A key objective of Cop27 was to strengthen the issuance promises made at last year’s climate summit in Glasgow. These are necessary to ensure that global warming is limited to 1.5°C. No such commitments have been made in Egypt and most observers now conclude that the world is bound to warm beyond this limit.
“I have a hard time understanding how anyone can continue to argue that 1.5C is still alive,” said James Dyke of the University of Exeter’s Institute for Global Systems. “Now we are entering a much hotter and more dangerous world.”
This point was endorsed by Professor Kevin Anderson of the Tyndall Center at the University of Manchester. “One year after the Glasgow COP26, another 40 billion tons of carbon dioxide have been released into the atmosphere.

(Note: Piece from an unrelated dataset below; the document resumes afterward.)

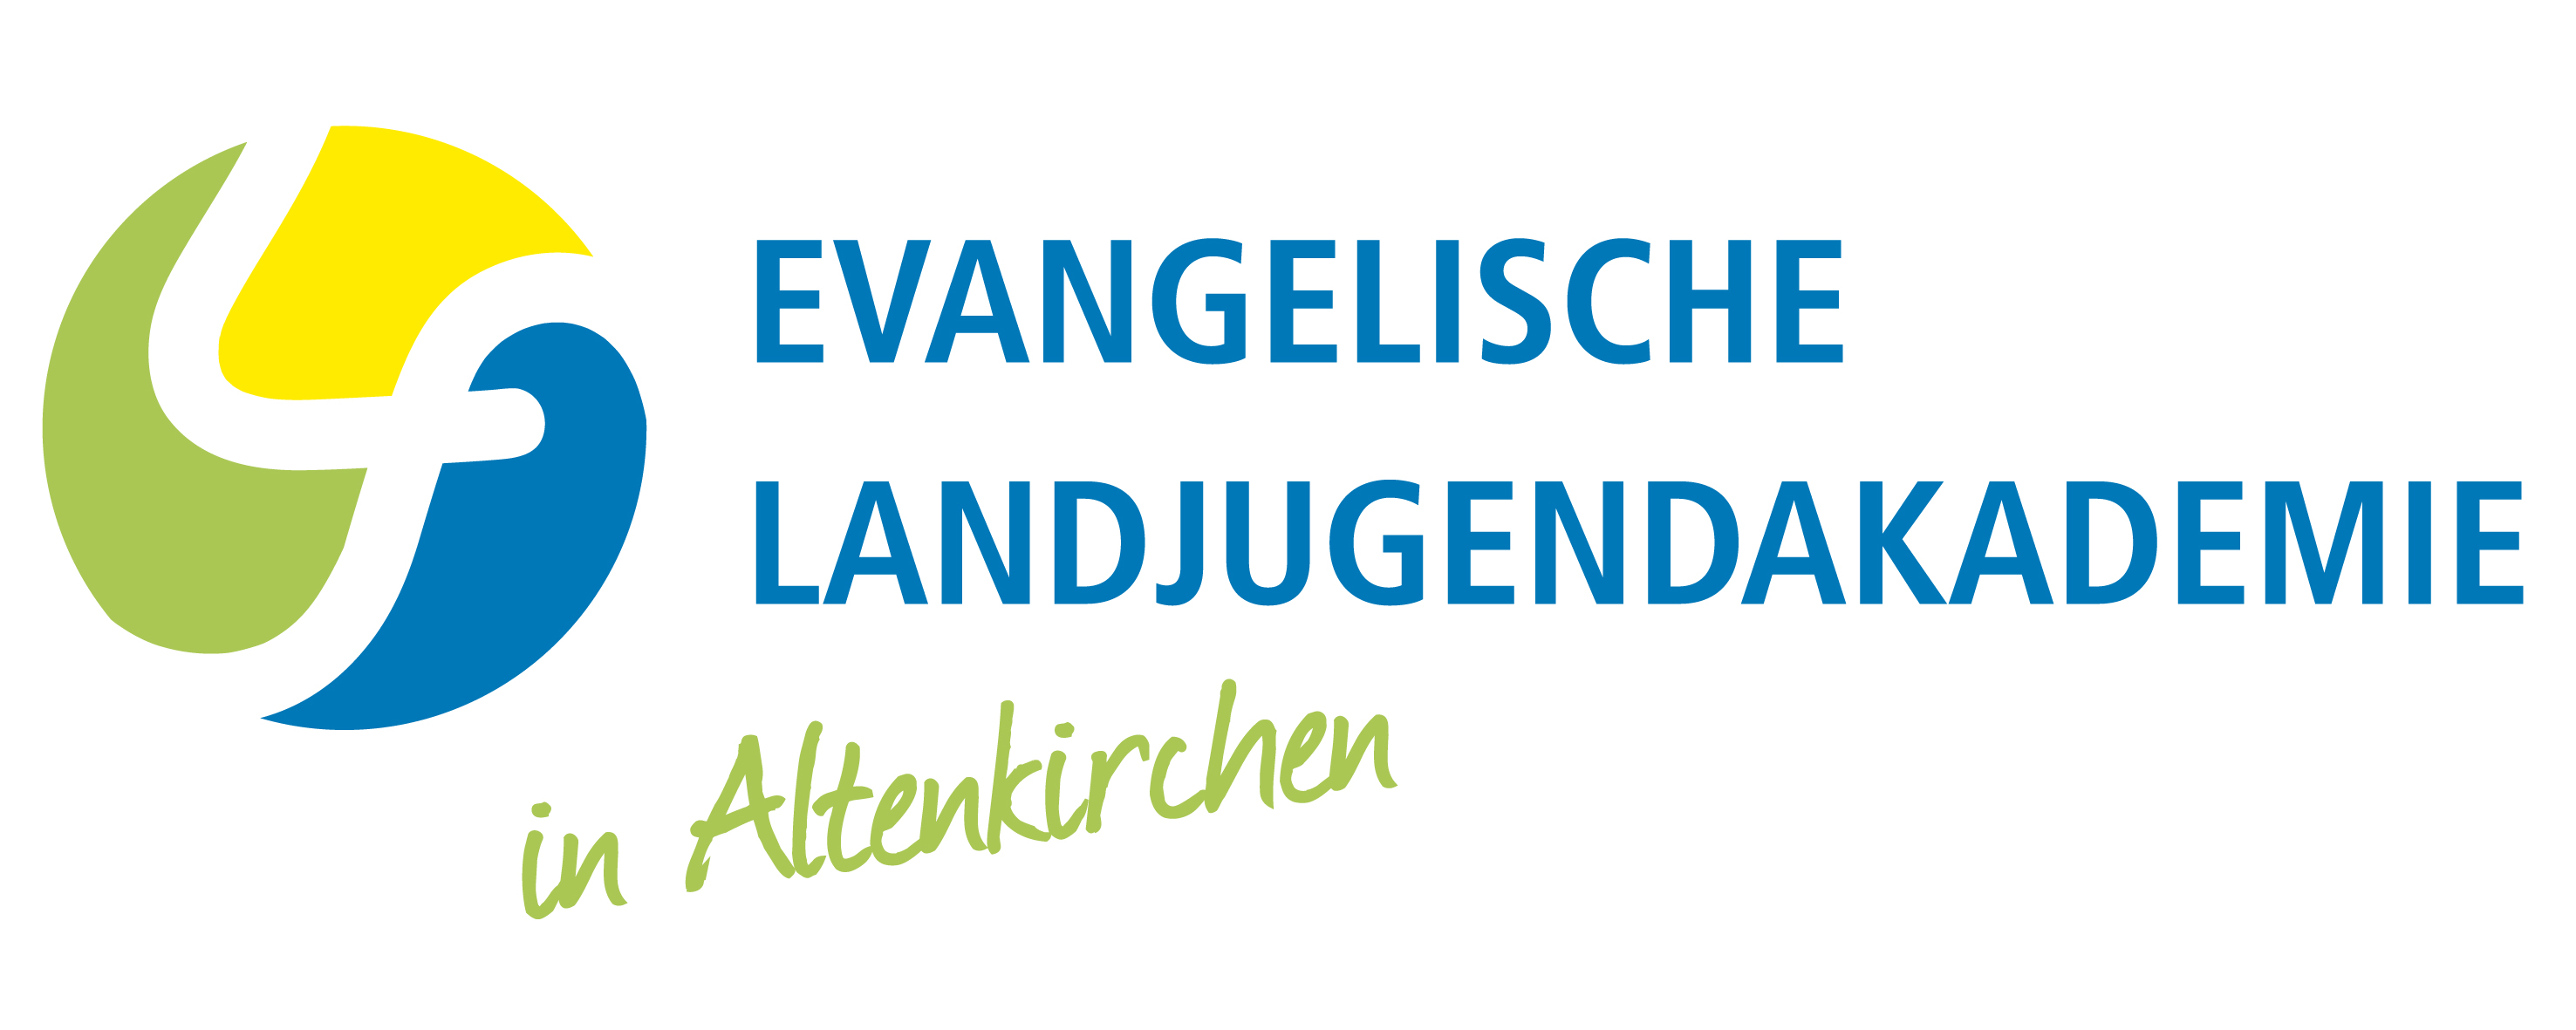 Evangelische Landjugendakademie

Another miserable facade of climate concern is ground to its ‘groundhog’ finish.”
loss and damage
Unsurprisingly, Cop27 was dominated by arguments about climate compensation due to poorer countries. Global warming has been caused by industrialized nations using fossil fuels to get rich. Therefore, they should reimburse the countries that suffer the most from climate change. Such “loss and damage” claims include Pakistan’s recent $30 billion bill for its floods.
Hopes were raised that a deal might be in the offing, but confusion surrounds the details of the deal. “The only bright spot in police27 there has been a renewed seriousness around loss and damage, with hundreds of millions compromised through various schemes,” said geographer Laurie Parsons, of Royal Holloway, University of London. “However, major concerns remain. The total funding needed for adaptation is at least $2.5 trillion by 2030, so we are still orders of magnitude away.”
global warming threatens to devastate habitats around the world, putting thousands of species at risk of extinction. These range from polar bears and tigers to monarch butterflies and sea turtles. However, the most spectacular threat is facing the planet’s coral reefs that serve as habitats for thousands of species. Global warming of 1.5°C will make 70-90% of coral reefs disappear. At 2C, 99% will be destroyed.
Threats like these will be hotly debated at Cop15, the UN biodiversity summit next month. However, no mention of the conference in Egypt has been made despite the strong link between climate change and species loss. On the other hand, the arrival of Lula da Silva, the new president of Brazil, struck a more positive note, who promised to do everything possible to save his country’s rainforests, in contrast to the pessimism of previous years about the fate of him
No more gas or coal
Hopes were raised at Cop27 that significant reductions in humanity’s burning of coal, gas and oil, the main causes of climate change, could be achieved. This optimism stemmed from India’s call for the burning of fossil fuels to be phased down, although it should not be phased out, it should be taken into account. But the proposal has not led to any significant follow-up, and the issue has yet to be resolved.
“Now it’s about damage limitation,” said Professor Richard Betts of the UK Met Office. “We should all work much harder to urgently reduce emissions to keep global warming as low as possible while also adapting to the changes we have already caused.”
Adjusting to a warmer world
Minimizing the warming of our planet by trying to limit carbon emissions is just one way to address global warming. The world also needs to adapt to be less vulnerable to looming floods, droughts, sea level rise and crop disasters as the planet warms. These adaptations would come in the form of improved flood defenses, levees, moving communities to higher ground, and protecting highways and railroads from storm surges and flooding.
Some improvements to previous commitments were suggested at Cop27, with reports indicating that a doubling of adaptation finance could be agreed. However, scientists once again warn that the promised funding levels are still far below the investments that will be needed in the near future.